British-India (1805) and Nepal

Queen Elizabeth I had played her cards exceedingly well, she had betted all in upon Hon’ble East India Company. Up against her two Iberian rivals, she was a century behind but she was depending more upon her astuteness than those who were rolling in money gained from their recently acquired lands.

Portuguese had their visions clear; that theirs was a small country and couldn’t afford to send larger contingents abroad to hold the lands their maritime superiority had gained. So, every Portuguese sailor was advised to take foreign women to wife so that their offspring would be loyal to their fatherland yet adaptable to their motherland.

Spaniards, who were already busy rolling in tons of gold and silver bullions couldn’t be bothered, their nose was up in the air.

In India, among the European traders the French actually had the more advantageous position in the beginning. Had French Government given some credit to the man on the spot M. Joseph Dupleix and supported him with at least a few frigates with elements of French Artillery, the history and the map of the world would have been a very different one.
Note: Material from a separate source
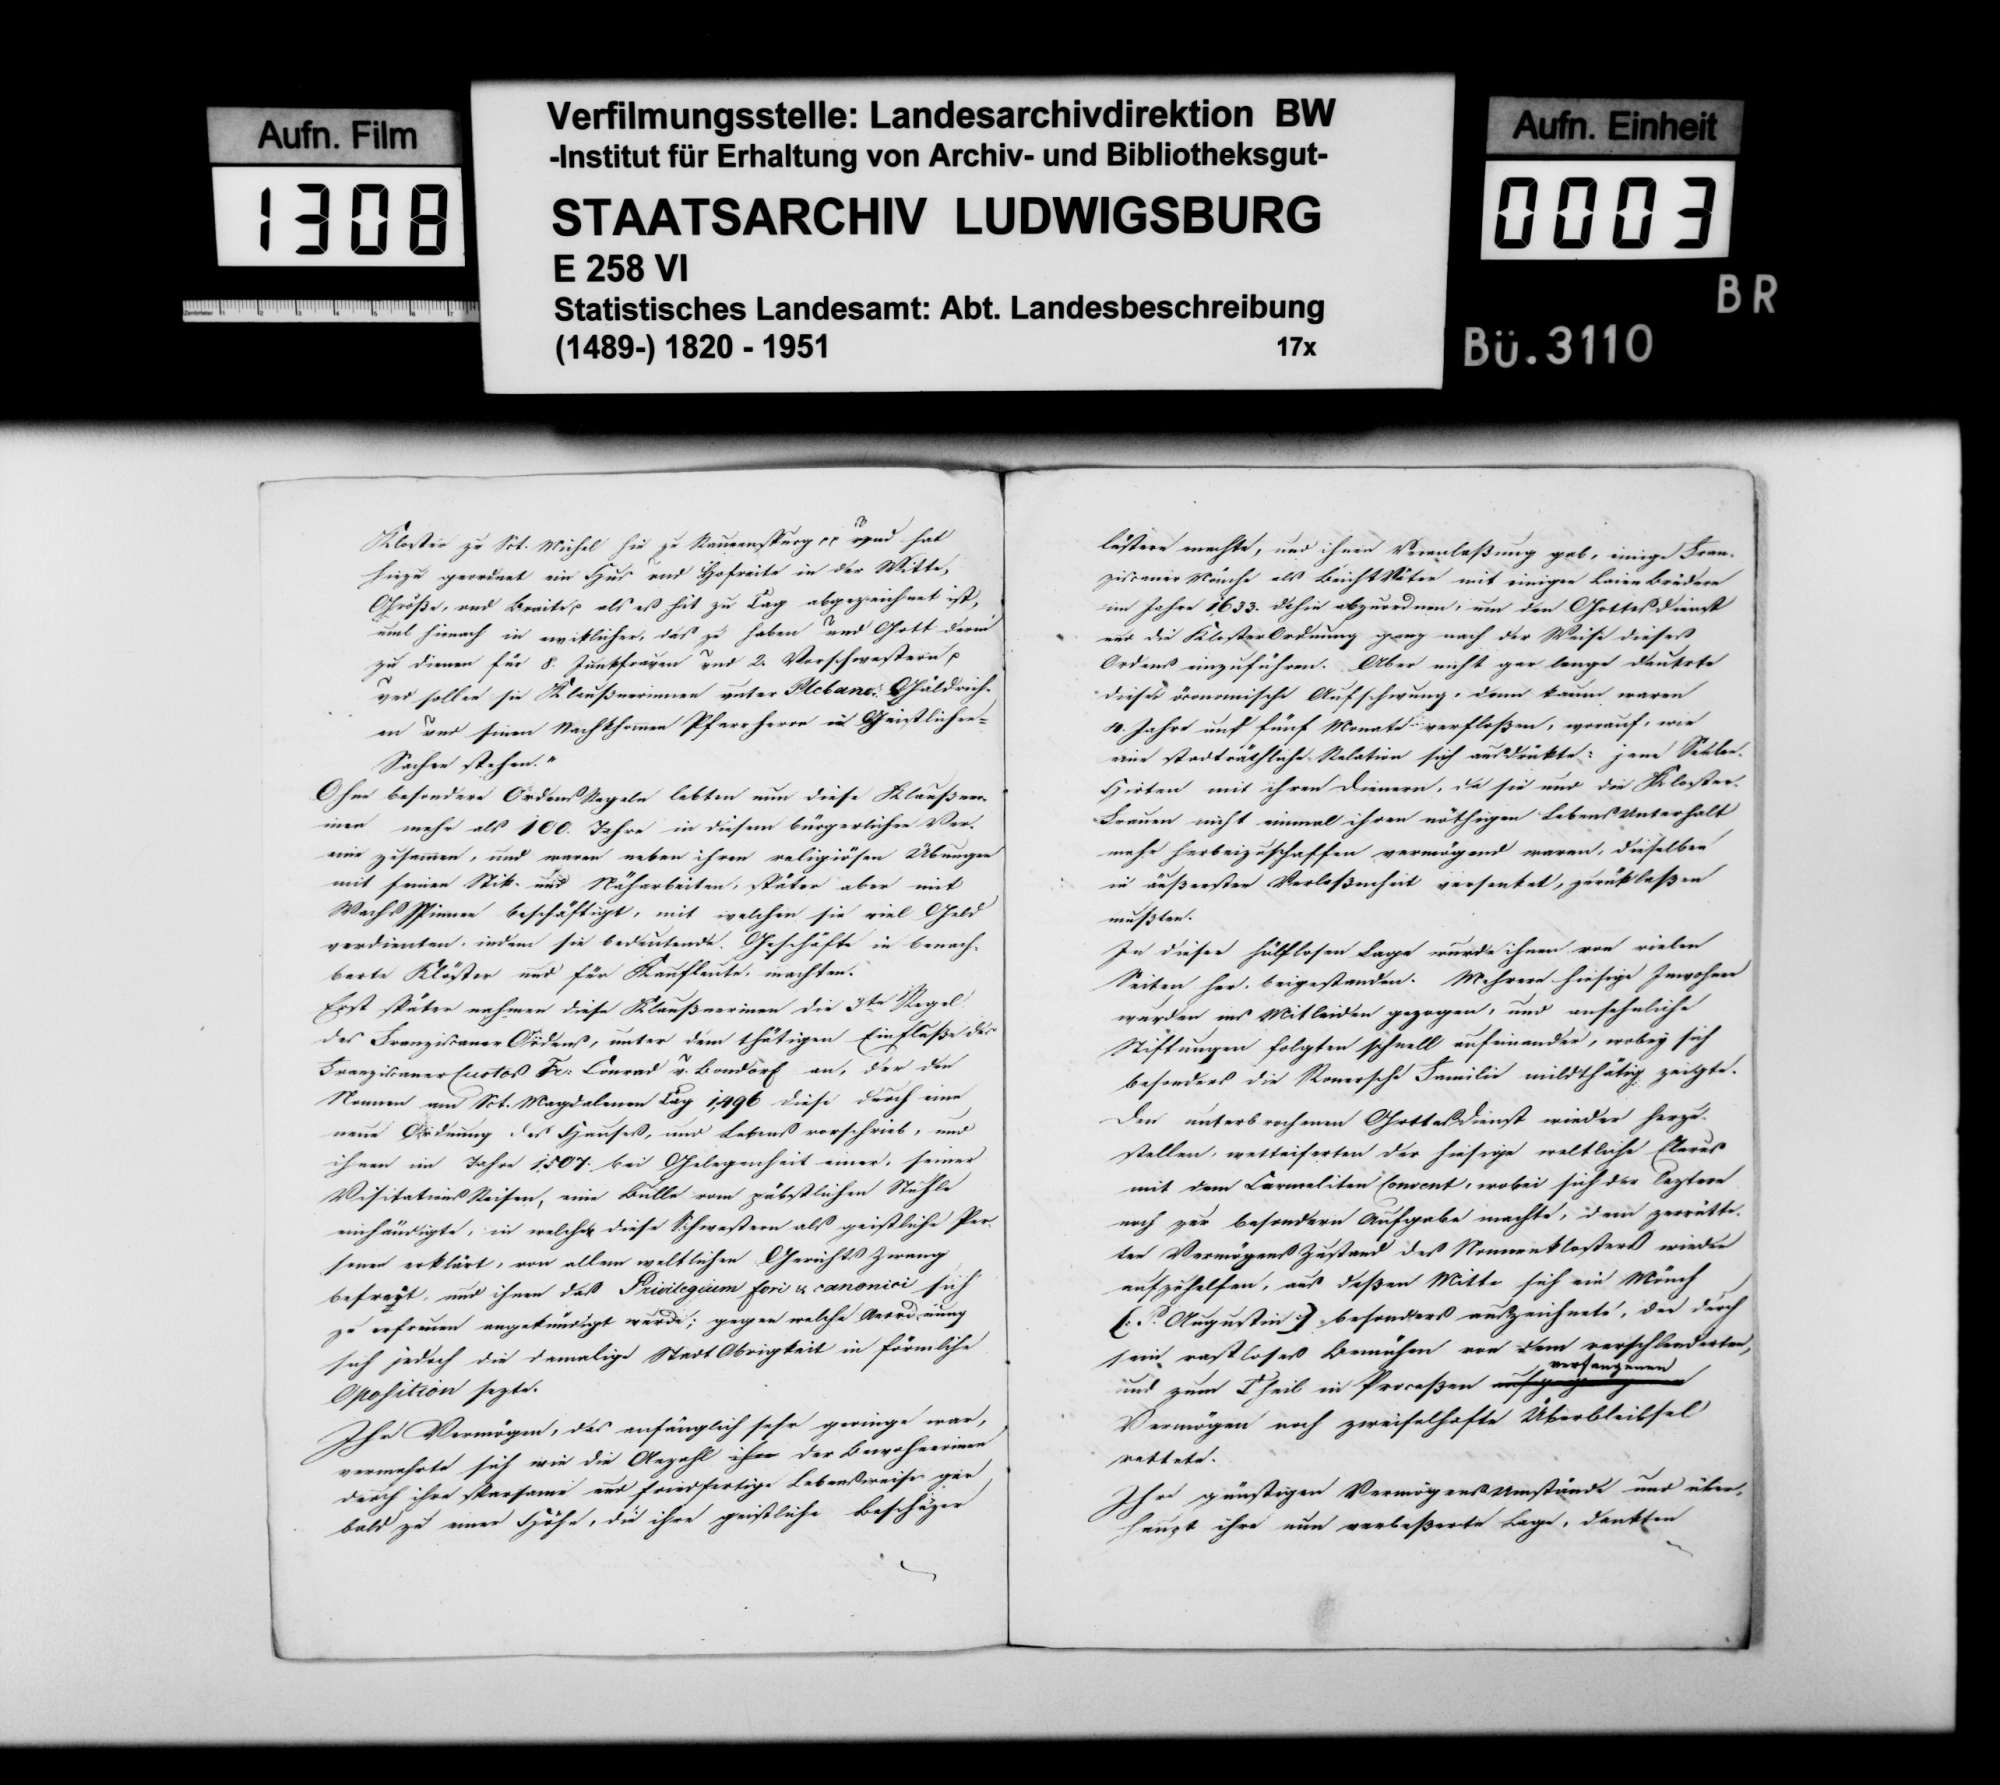 Das Franziskaner-Nonnenkloster in Ravensburg, aus Archivalien des Stadtarchivs und der Klosterregistratur erstellte Abhandlung des Verwaltungsaktuars Gutermann aus Friedrichshafen, Bild 2

This map of India drawn by the Imperial Gazetteers in 1804 gives a perspective unfamiliar to moderrn cartographers worldwide. Please refer to the map of Nepaul (sic) above, which shows how Indian Princes co-operated with the British and allowed the British Field Armies to attack Nepal through their territories. When the Brits decided in 1947 to grant Independence to Bharat and Pakistan this map should have served as the reference point and returned to Nepal the territories they had unfairly usurped but apparently the Brits had some hidden agenda. The only man who could have enlightened the readers, Lord Mountbatten the last Viceroy, was assassinated in August 27, 1979 and if he ever recorded anything to solve this riddle hasn’t surfaced yet, perhaps he was the agenda. It must be reiterated here that the Brits had not defeated Nepal in battlefield but had coaxed them to sign a Treaty of Peace and Friendship and in addition agreed to indemnify Nepal for their war losses.